Comment by debugnik
3 days ago
That's not bypassing it, that's them finally engaging with the PoW challenge as intended, making crawling slower and more expensive, instead failing to crawl at all, which is more of a plus.
This however forces servers to increase the challenge difficulty, which increases the waiting time for the first-time access.
Obviously the developer of Anubis thinks it is bypassing: https://github.com/TecharoHQ/anubis/issues/978
Fair, then I obviously think Xe may have a kinda misguided understanding of their own product. I still stand by the concept I stated above.
latest update from Xe:
> After further investigation and communication. This is not a bug. The threat actor group in question installed headless chrome and simply computed the proof of work. I'm just going to submit a default rule that blocks huawei.
5 replies →
The point is that it will always be cheaper for bot farms to pass the challenge than for regular users.
Why does that matter? The challenge needs to stay expensive enough to slow down bots, but legitimate users won't be solving anywhere near the same amount of challenges and the alternative is the site getting crawled to death, so they can wait once in a while.
It might be a lot closer if they were using argon2 instead of sha. Sha is a kind of bad choice for this sort of thinh.
Too bad the challenge's result is only a waste of electricity. Maybe they should do like some of those alt-coins and search for prime numbers or something similar instead.
Most of those alt-coins are kind of fake/scams. Its really hard to make it work with actually useful problems.
Of course that doesn't directly help the site operator. Maybe it could actually do a bit of bitcoin mining for the site owner. Then that could pay for the cost of accessing the site.

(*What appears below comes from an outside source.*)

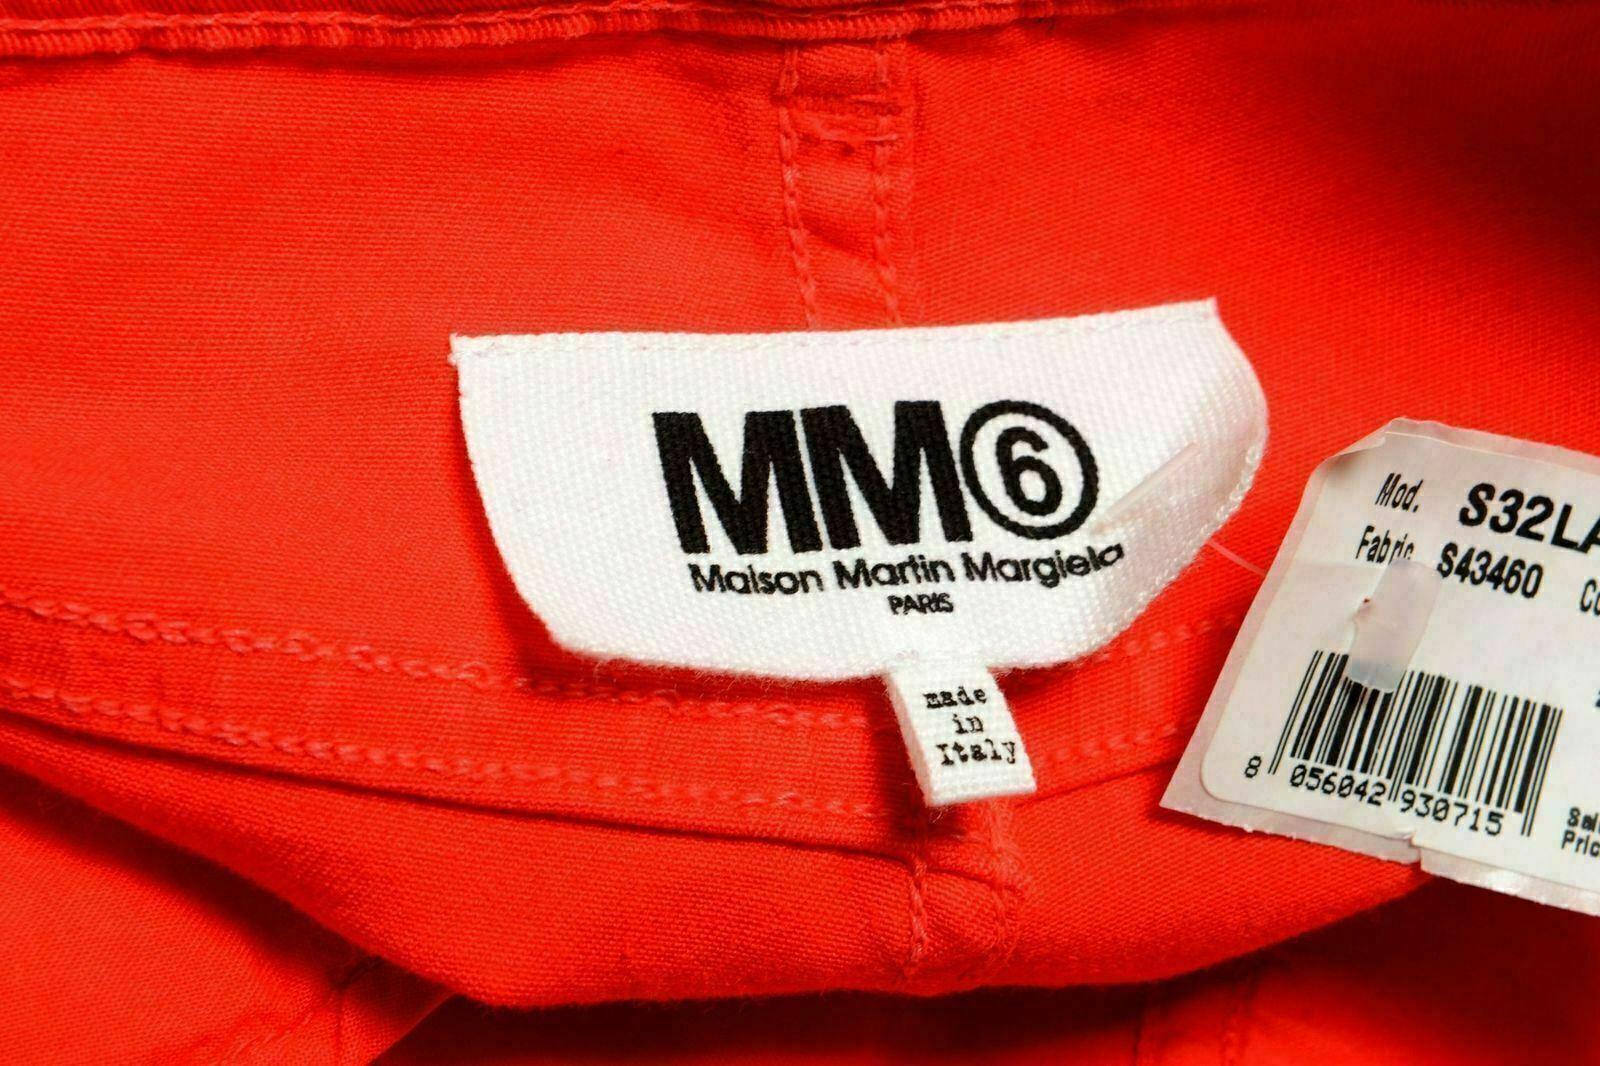 Maison Maison Maison Margiela Mm6 da Donna Rosso Stretch Jeans Aderenti Us 6 31b618

this only holds through if the data to be accessed is less valuable than the computational cost. in this case, that is false and spending a few dollars to scrape data is more than worth.
reducing the problem to a cost issue is bound to be short sighted.
This is not about preventing crawling entirely, it's about finding a way to prevent crawlers from repeatedly everything way too frequently just because crawling is just very cheap. Of course it will always be worth it to crawl the Linux Kernel mailing list, but maybe with a high enough cost per crawl the crawlers will learn to be fine with only crawling it once per hour for example
my comment is not about preventing crawling, its stating that with how much revenue AI is bringing (real or not), the value of crawling repeatedly >>> the cost of running these flimsy coin mining algorithms.
At the very least captcha at least tries to make the human-ai distinction, but these algorithms are just purely on the side of making it "expensive". if its just a capital problem, then its not a problem for these big corpo who are the ones who are incentivized to do so in the first place!
even if human captcha solvers are involved, at the very least it provides the society with some jobs (useless as it may be), but these mining algorithms also do society no good, and wastes compute for nothing!